Entain has published its Q1 trading update, noting that its 2022 performance so far is in line with corporate expectations, as its business units and brand portfolio are matched against strong 2021 comparatives.
CEO Jette Nygaard-Andersen praised the performance of BetMGM in the update, stating that the joint venture with MGM Resorts International is now firmly established as the number two operator in the US.
In Q1, Entain reported that its net gaming revenue (NGR) was up 31%, thanks to the return of its retail unit performance which achieved a 1,000% NGR uptake against 2021 lockdown comparatives.
The group stated that it has continued its online momentum in all major markets despite the vertical accounting for an 8% decline in NGR during the trading period.
Breaking down its online performance, Entain’s sportsbook recorded a 7% decline in NGR, combined with a further 10% drop in NGR for its online gambling segment.

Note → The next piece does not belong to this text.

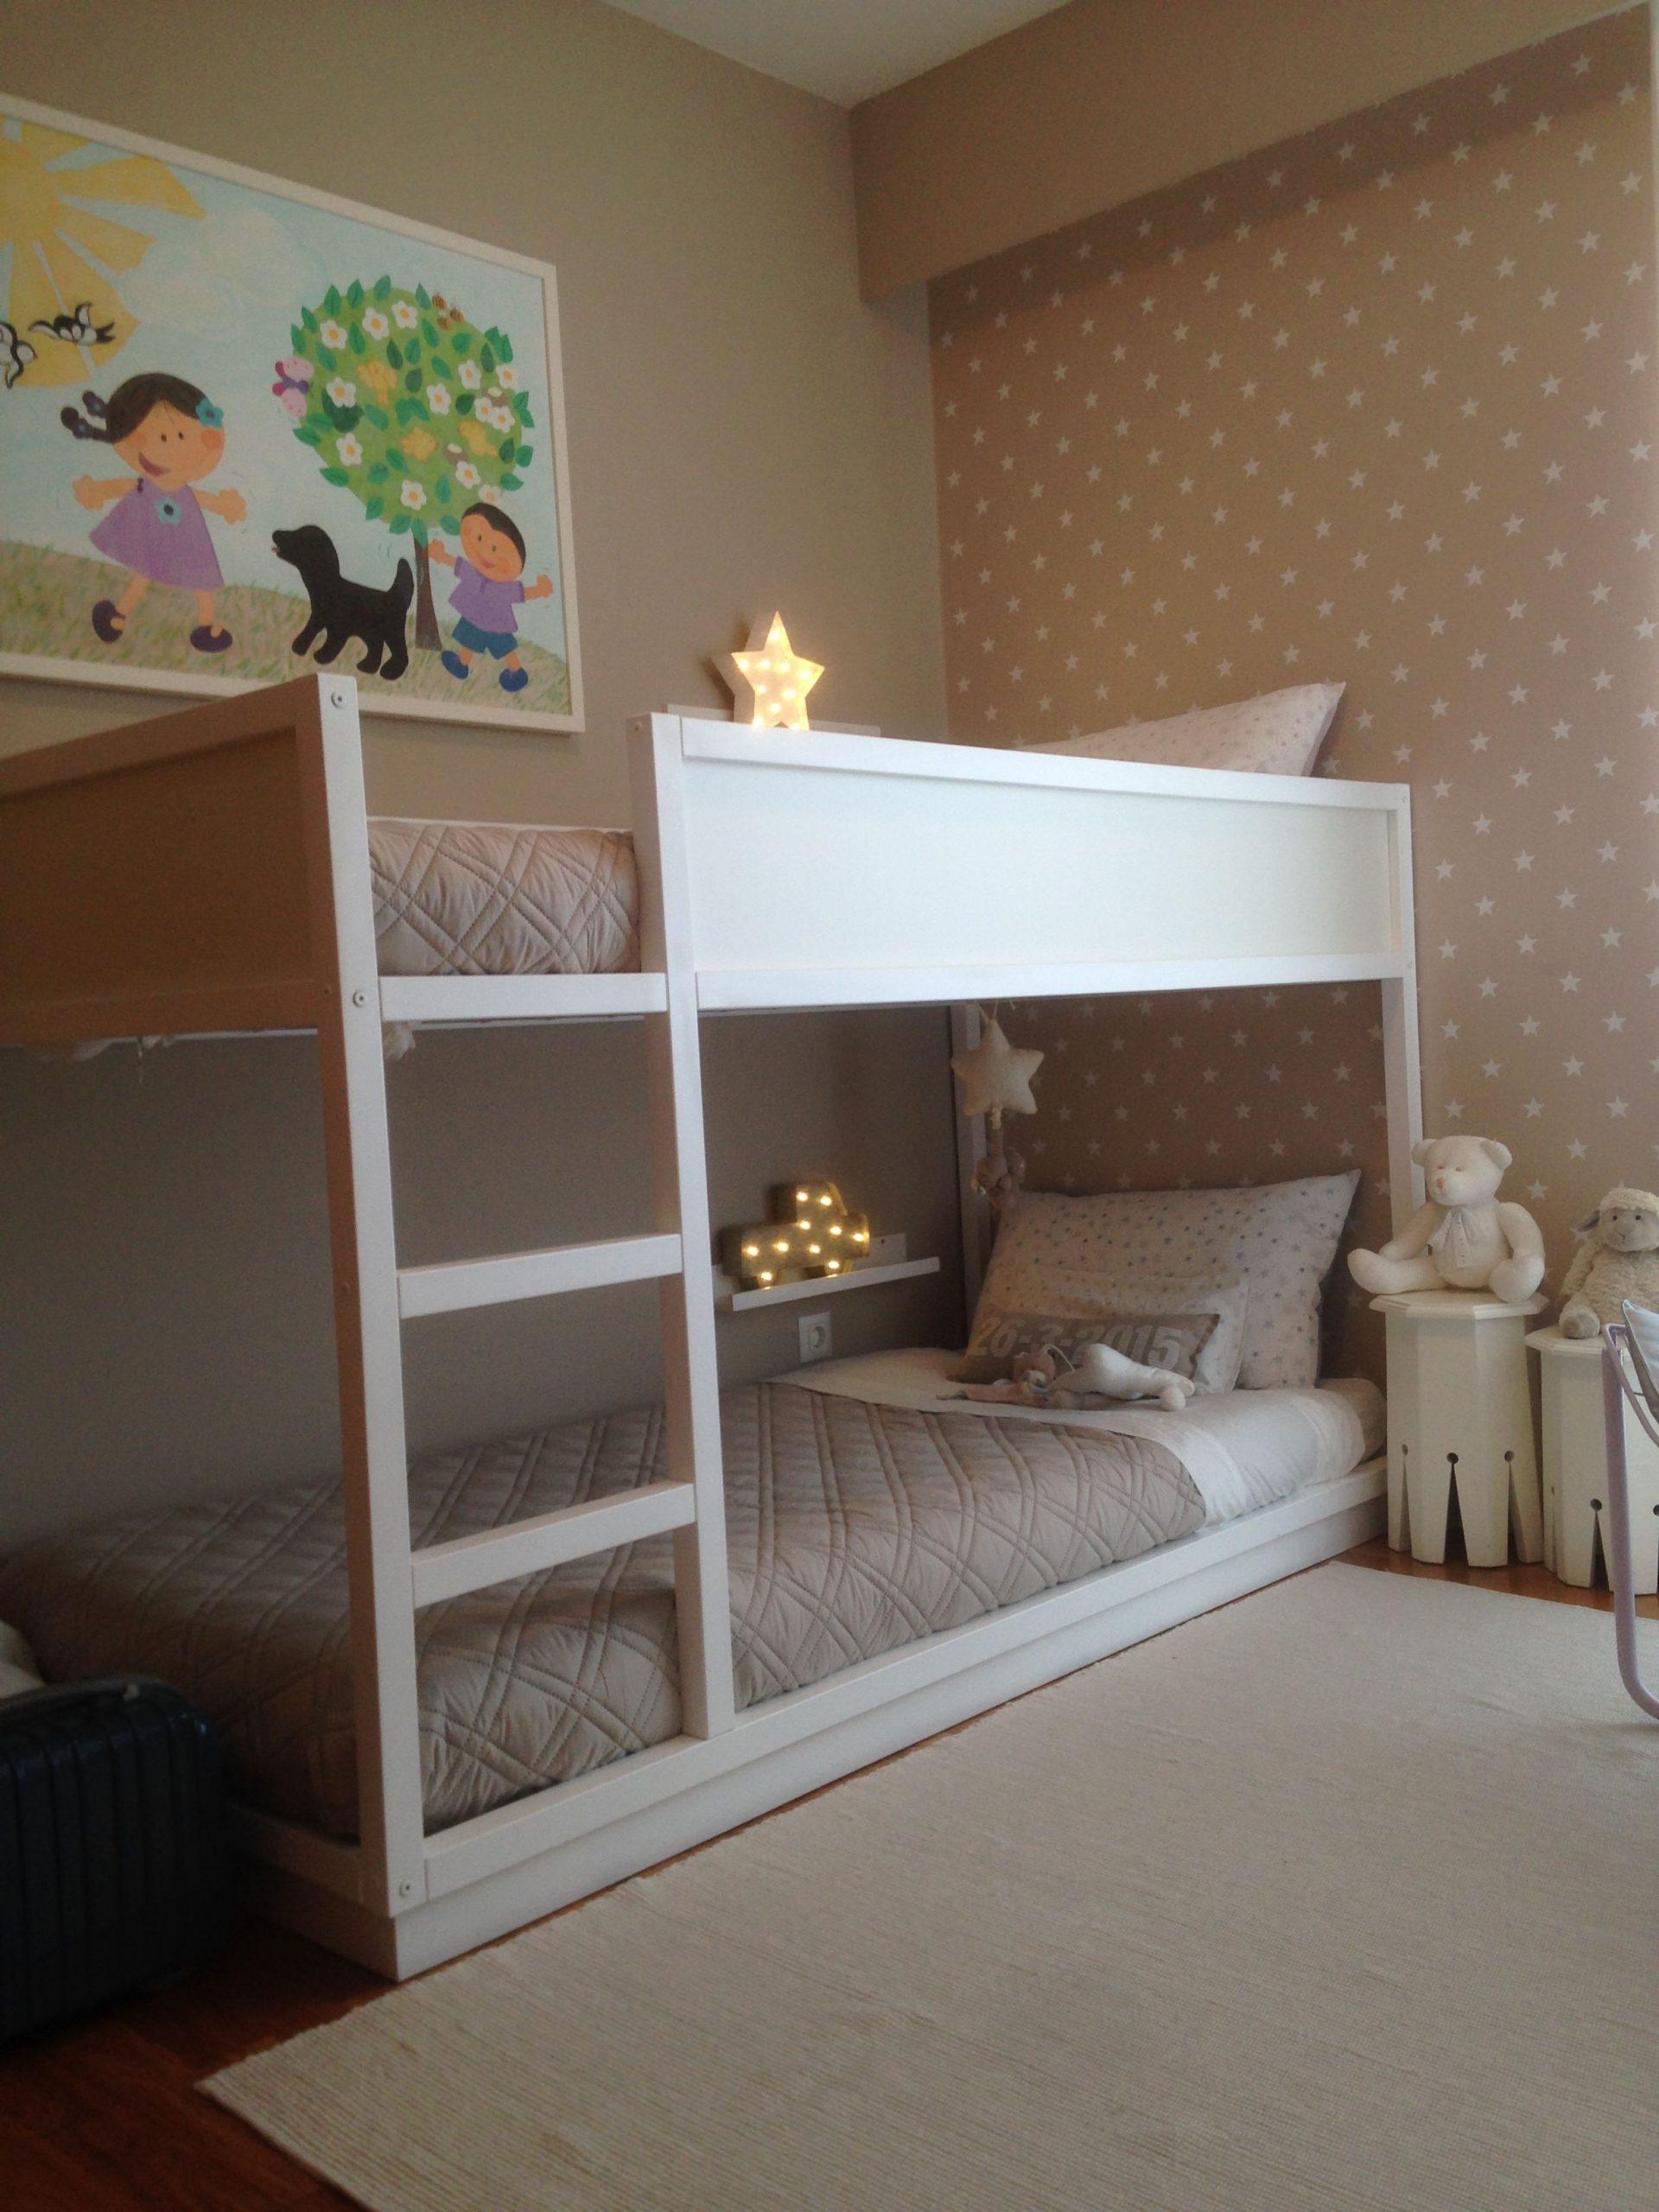 Full Size of Ikea Bett Kura Bed Hack Kinderzimmer Cars 140 Bette Floor Wohnzimmer Kura Hack

Across the group, online wagers declined by 7%. However, Entain is yet to provide any guidance with regards to trading impacts on its sports unit such as unfavorable results, regulatory headwinds or customer spend declines.

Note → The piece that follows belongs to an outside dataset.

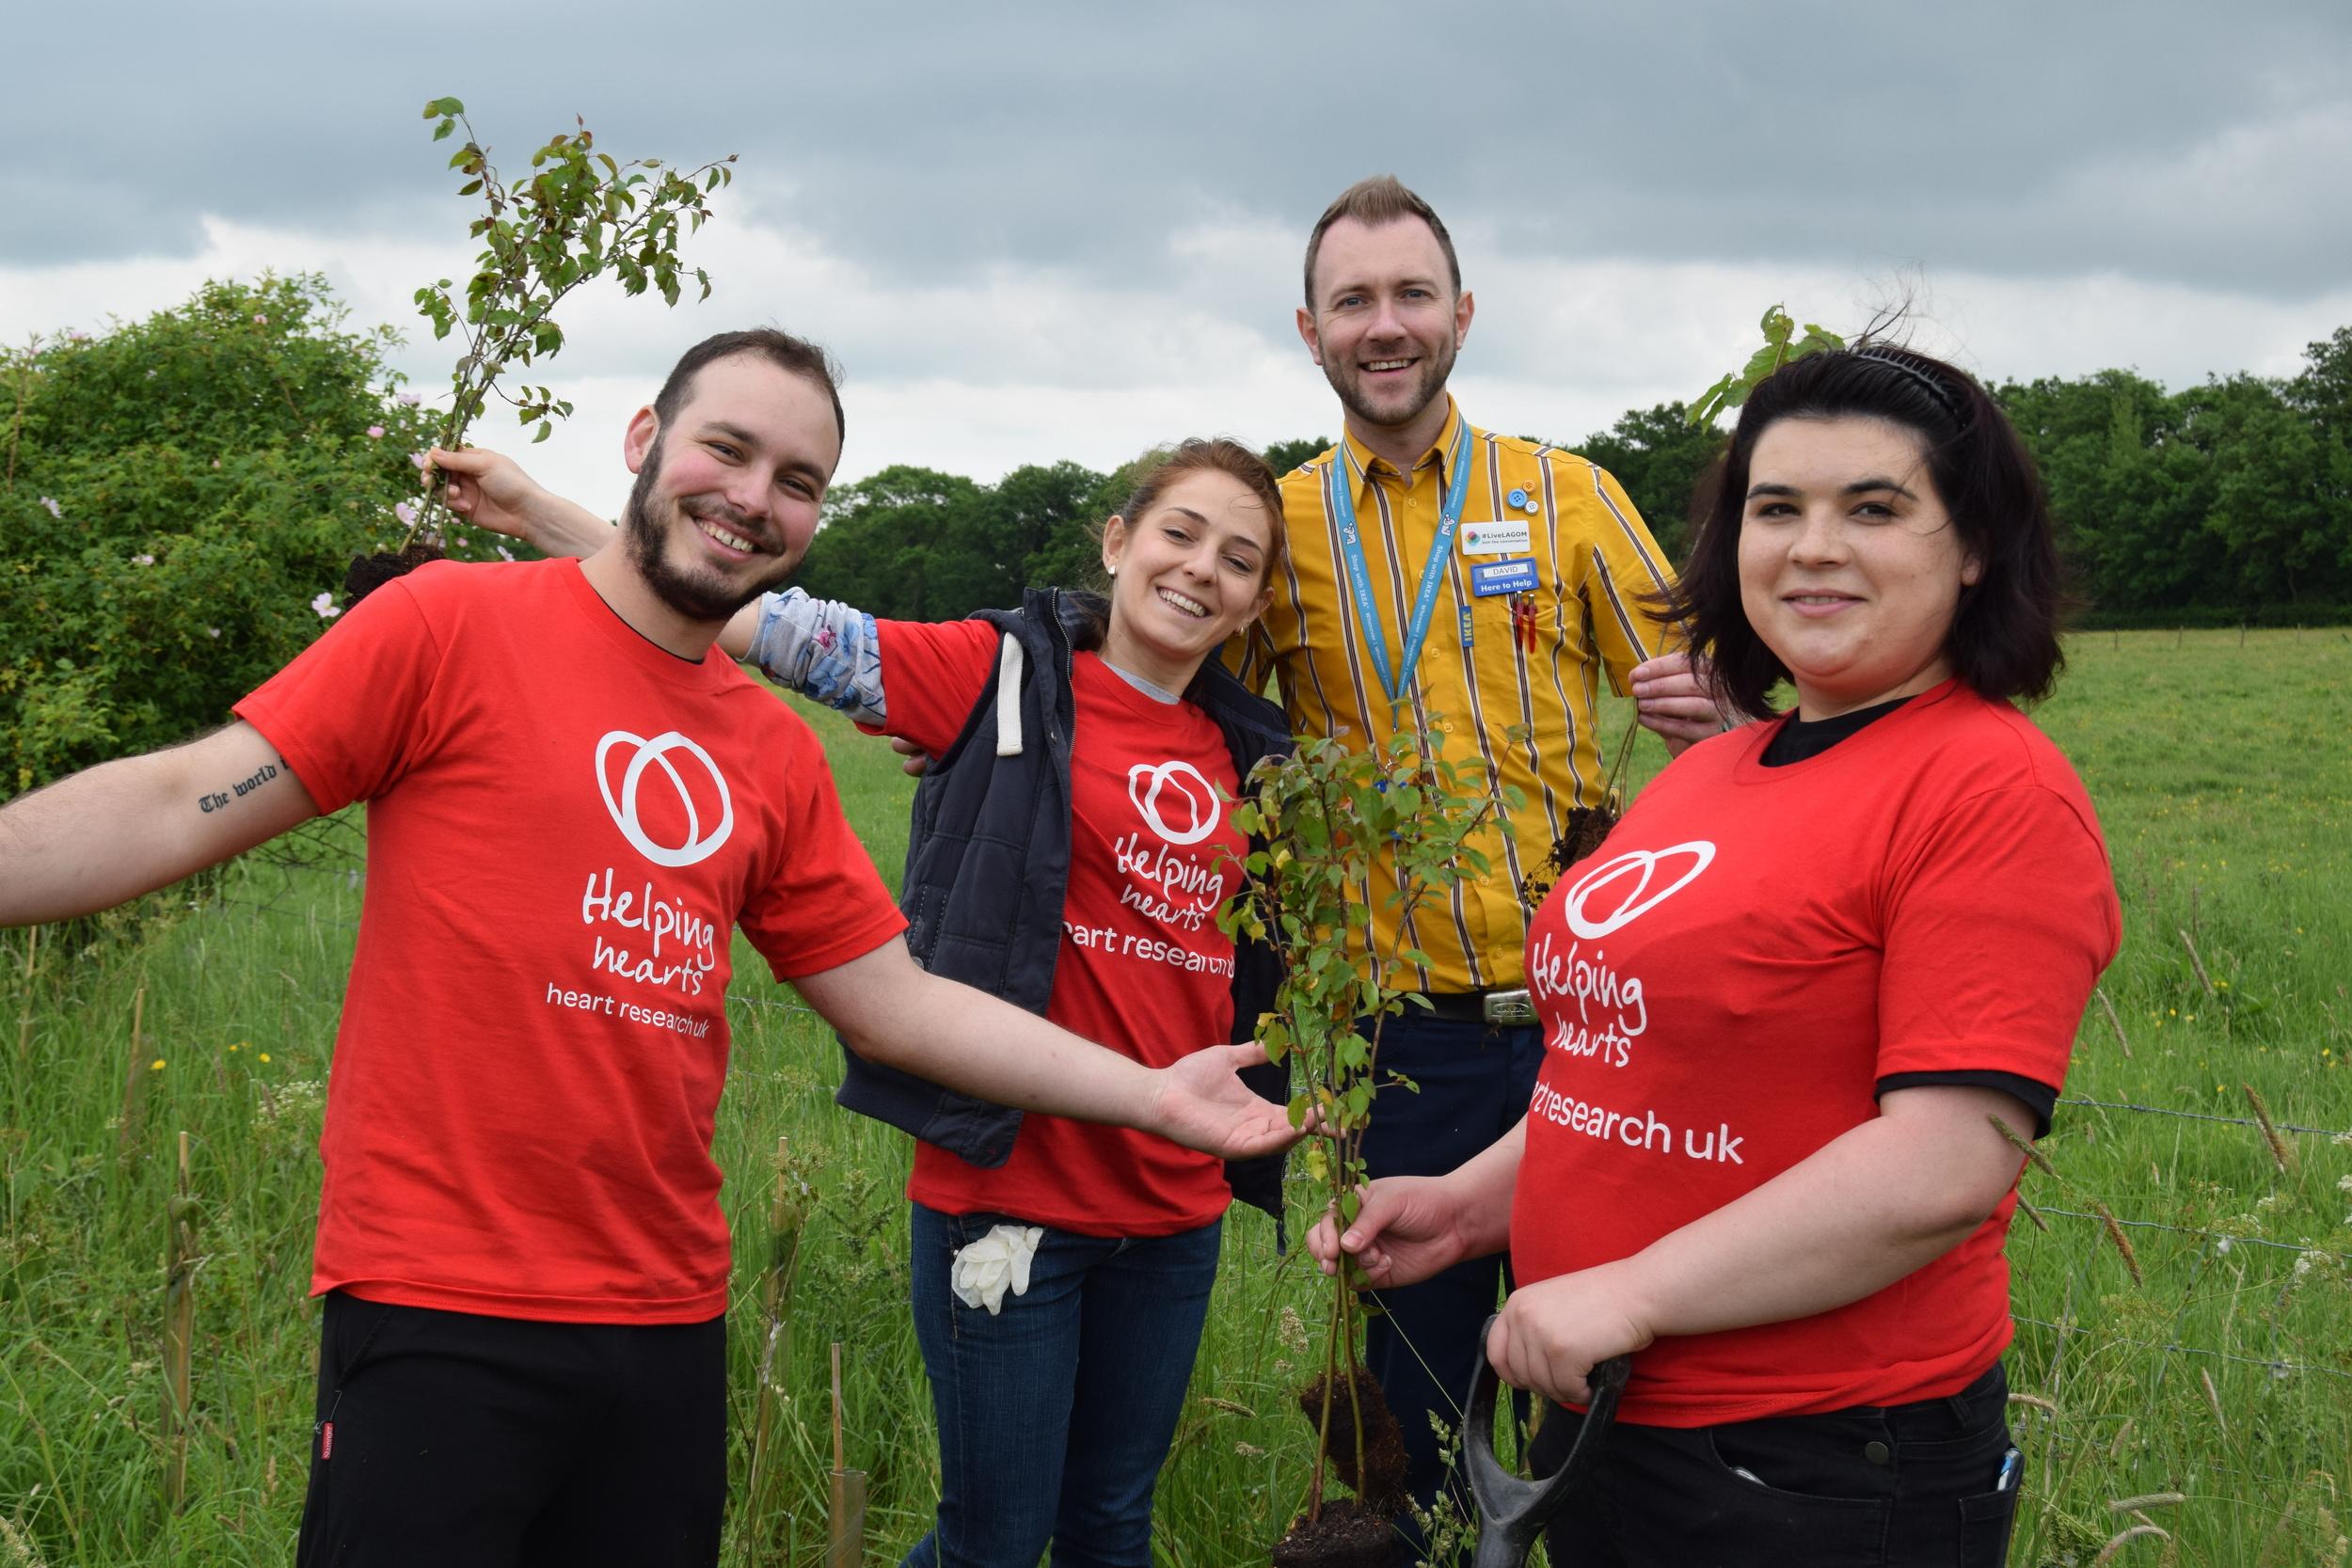 Employee_volunteering_Ikea_Forest _of Hearts.JPG

Trading across its online gambling segment in Q1 excluded the performance of Germany and the Netherlands since those markets are undergoing regulatory change.

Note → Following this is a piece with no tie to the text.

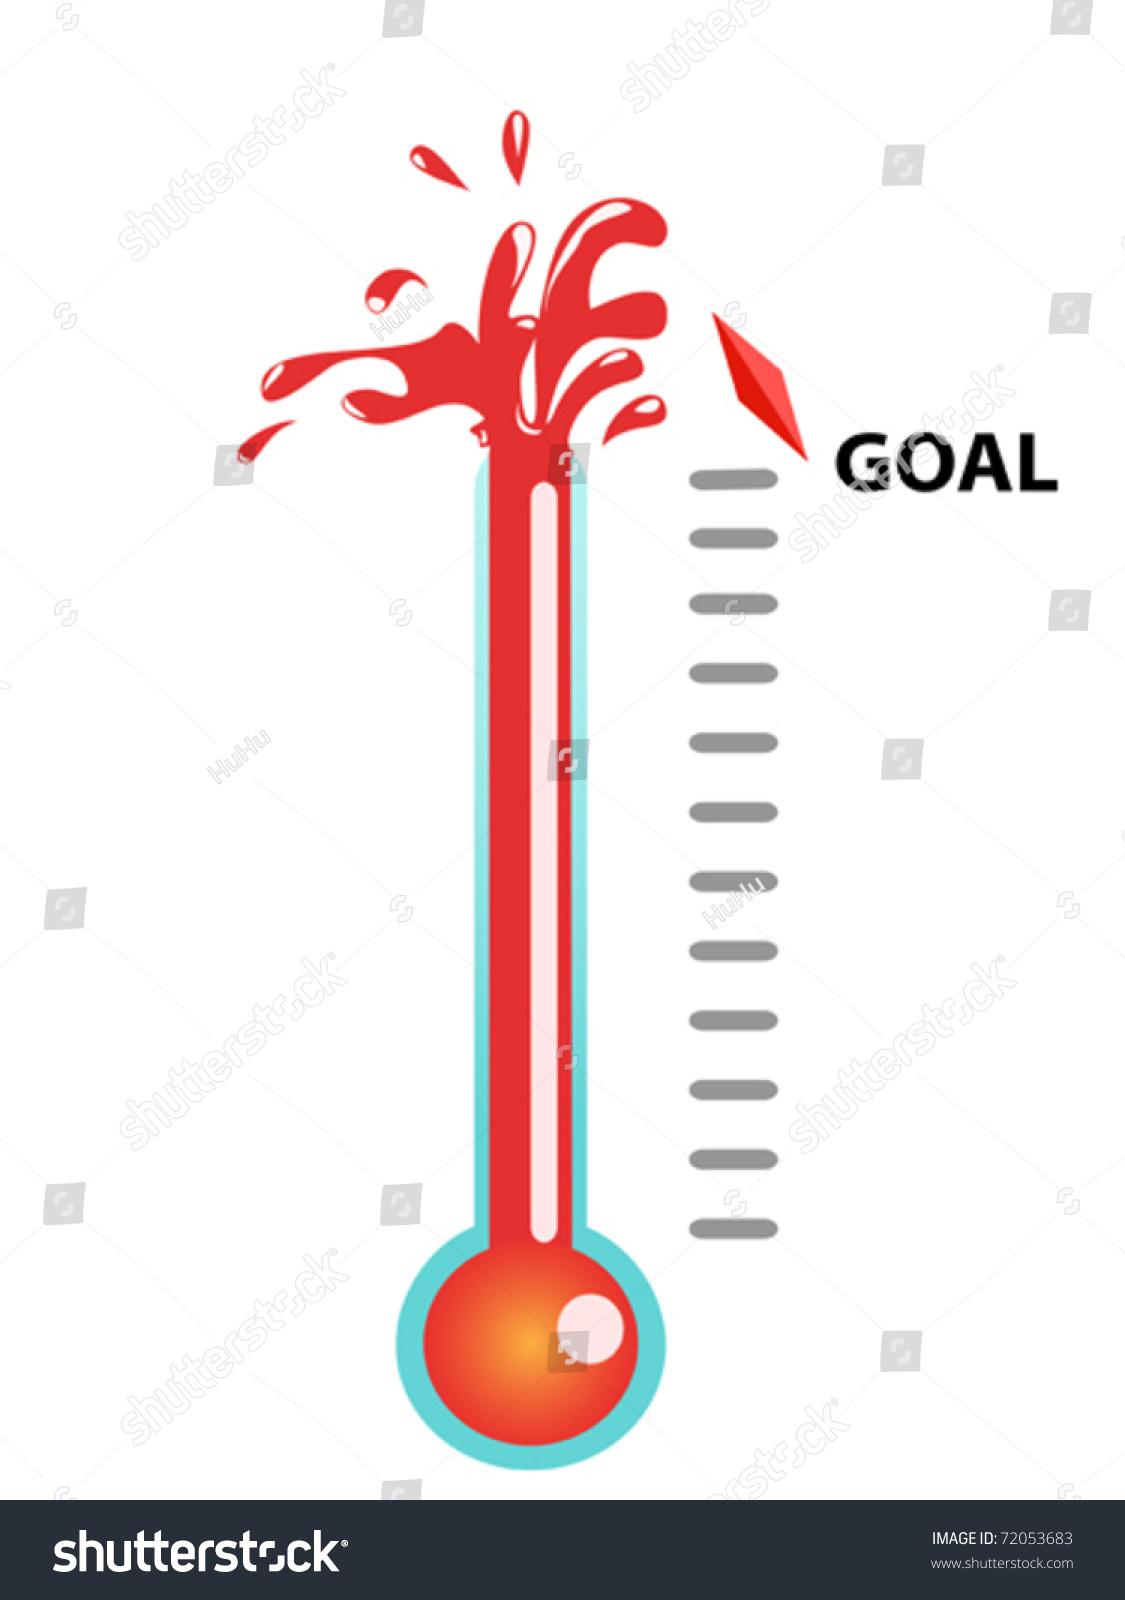 Free Clip Art of Thermometers  TeacherFilescom

Nygaard-Andersen commented: “We have started the year with a good performance across all areas of our business, driven as ever by the strength of our industry-leading platform.
“We have delivered strong performances in all of our major markets, and I am pleased to report that Retail is performing well with customers returning for our instore experience.”
In North America, Entain highlighted strong progress for its BetMGM joint venture that has established itself as the number two operator with 24% market share where it operates, as well as a leading igaming operator with a 29% market share.
BetMGM is now live across 23 US states following four additional market launches during Q1.
Entain is confident that BetMGM will achieve its ‘EBITDA positive target’ by 2023 trading. Further details will be provided at the BetMGM Business Update on May 12.
“In the US, BetMGM is firmly established as the number two operator, and our market launches during Q1 mean that we now have access to over 41% of the US adult population,” Nygaard-Andersen added.
Elsewhere across North America, Entain has also recently made its Canadian debut after launching BetMGM in Ontario’s newly regulated online gambling marketplace on April 4.
The group further boosted its presence in Canada after acquiring Deis Ltd (Avid Gaming), the owner of Canadian online sports betting brand Sports Interaction, for CAD$300m from Middlebrook Investments Limited.
In Europe, Entain stated that its portfolio will be refreshed by the M&A additions of Klondaika Latvia and Totolotek Poland which it believes will “deliver strategic growth expansion into new markets”
Nygaard-Andersen concluded: “Our strategy of expanding into new markets is continuing at pace, having acquired businesses in Canada, Latvia, and Poland during Q1.
“Given the strength and continuing momentum of our underlying business, coupled with our proven ability to grow both organically and through M&A, we remain confident in our financial performance for FY22 and beyond.”